● Input data
-- Opening Marker --
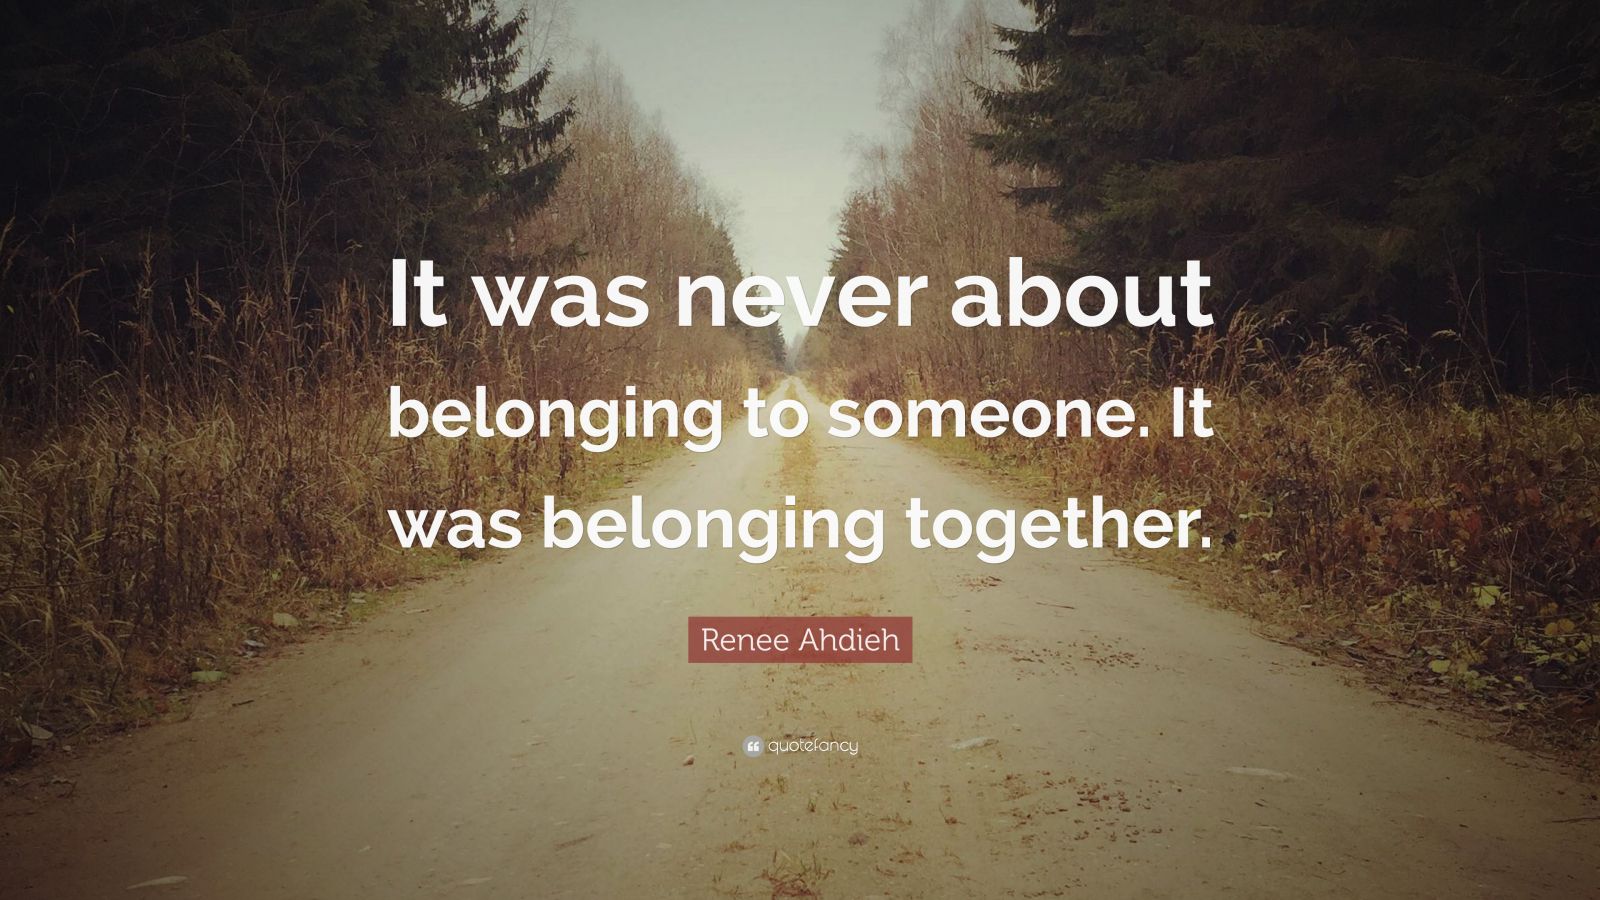 Renee Ahdieh Quote: “It was never about belonging to someone. It was
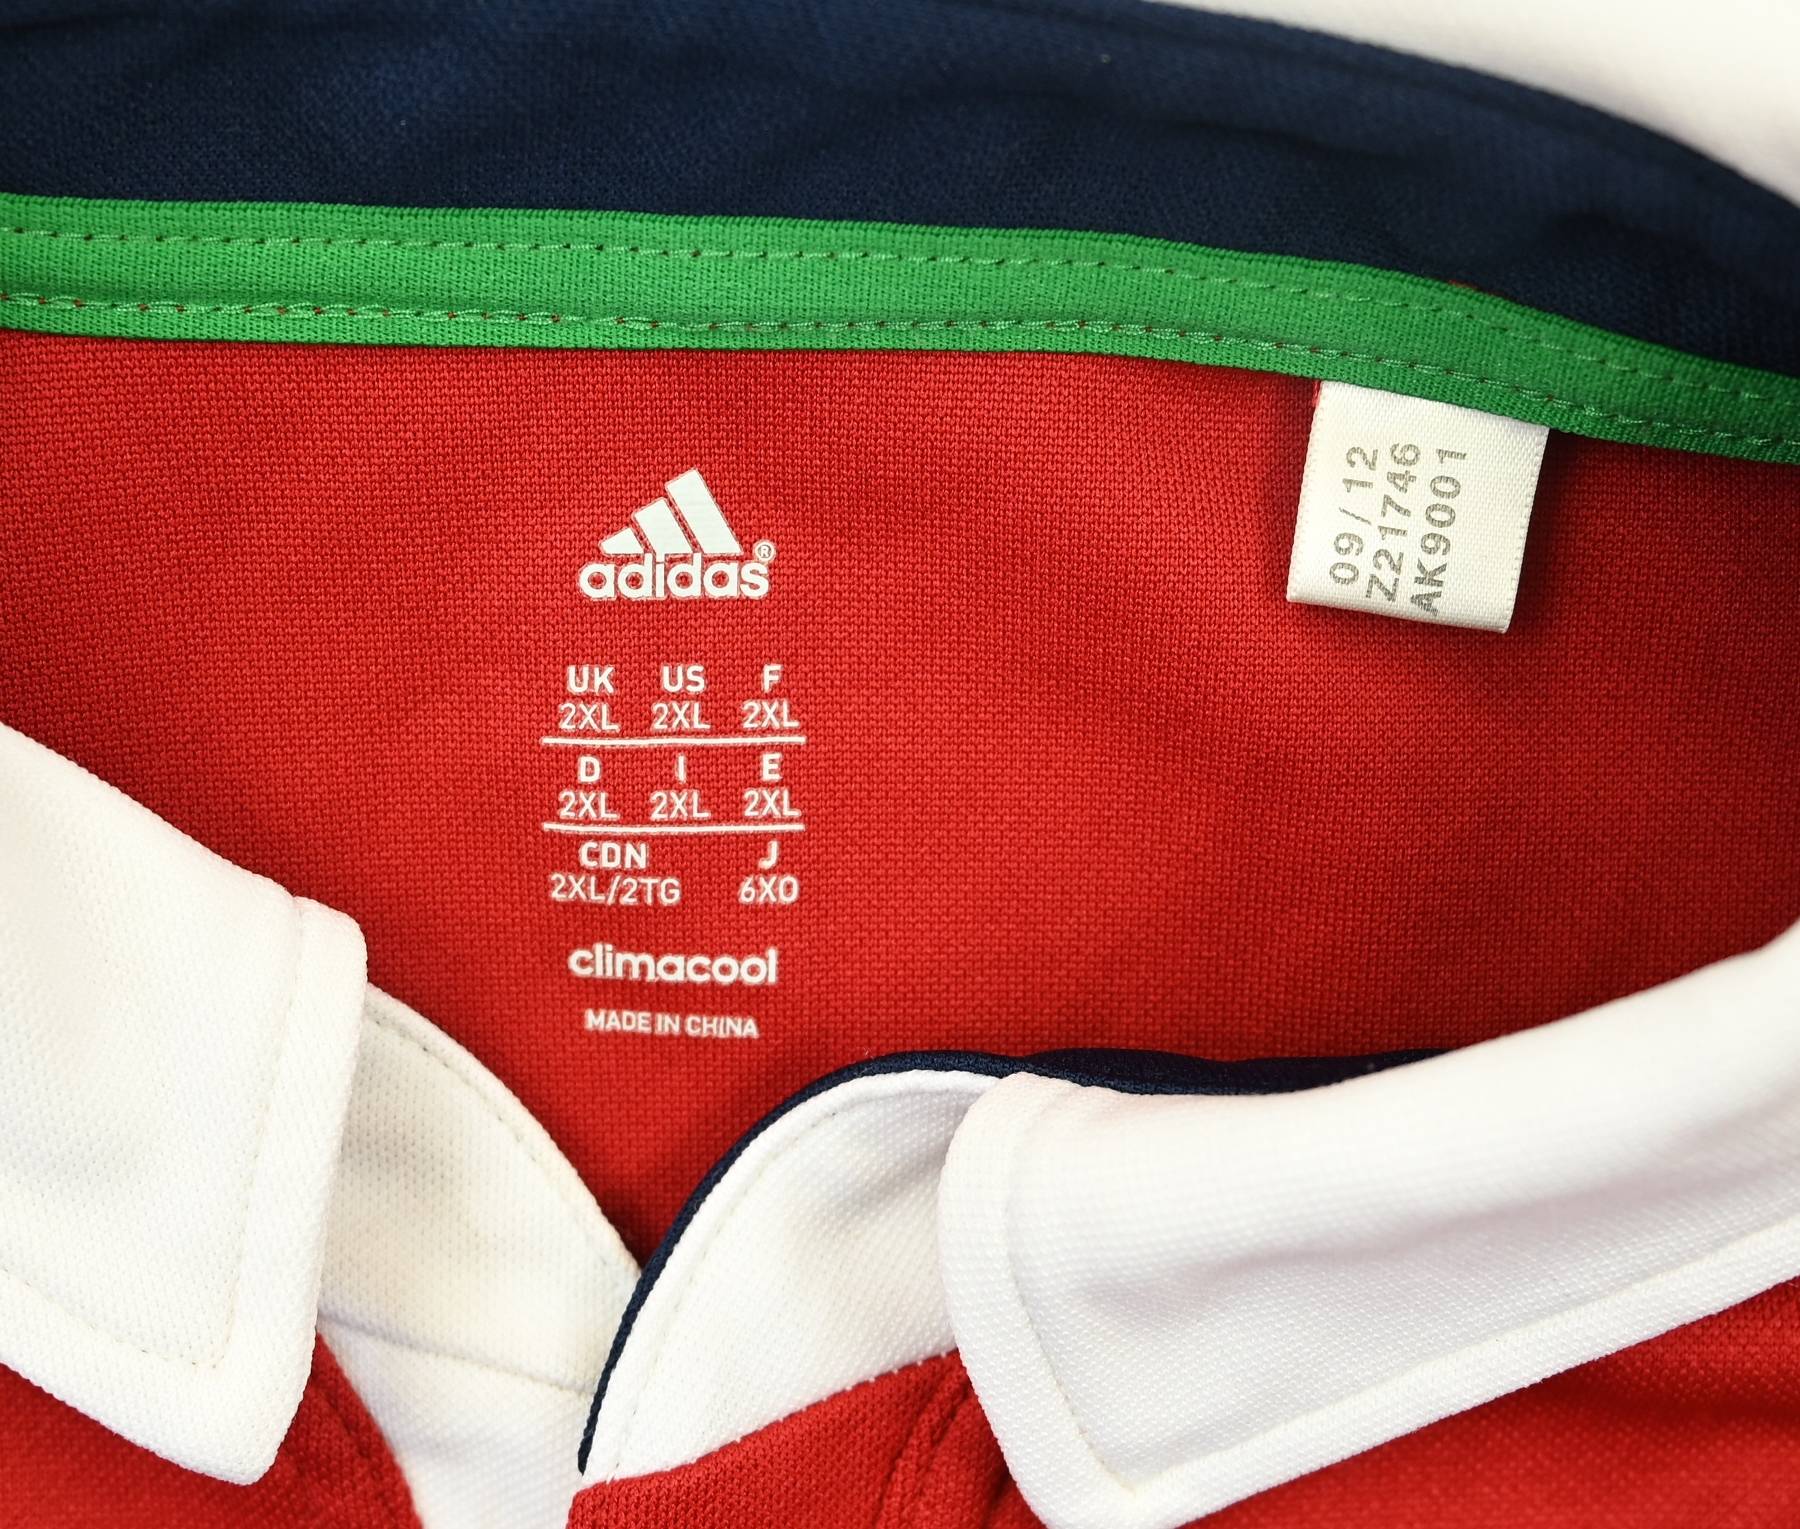 BRITISH AND IRISH LIONS RUGBY SHIRT XXL Rugby \ Rugby Union ...
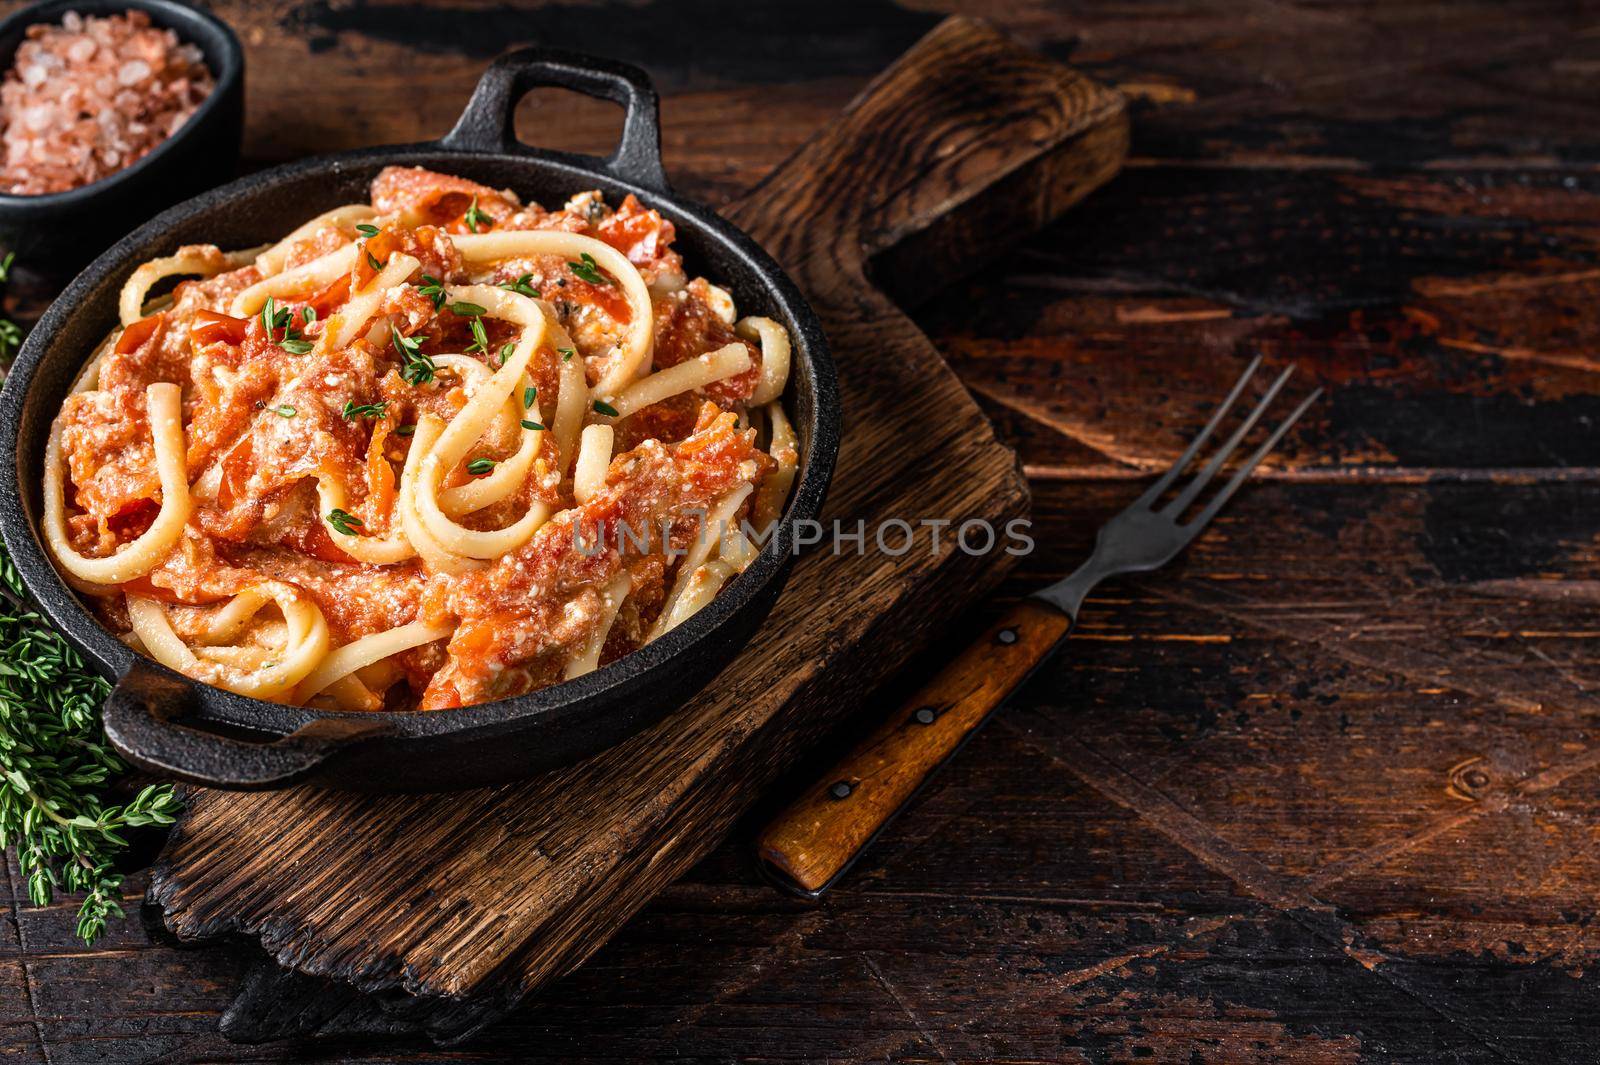 Trendy baked Feta pasta with Oven roasted tomatoes and cheese in a pan. Dark wooden background. Top view. Copy space by Composter
-- Closing Marker --
● What this task involves
Once the line containing "BRITISH AND IRISH" has been found, write out exactly that line and each one after it through the end of the data, leaving out every picture.

● Reply to the task
 BRITISH AND IRISH LIONS RUGBY SHIRT XXL Rugby \ Rugby Union ...
 Trendy baked Feta pasta with Oven roasted tomatoes and cheese in a pan. Dark wooden background. Top view. Copy space by Composter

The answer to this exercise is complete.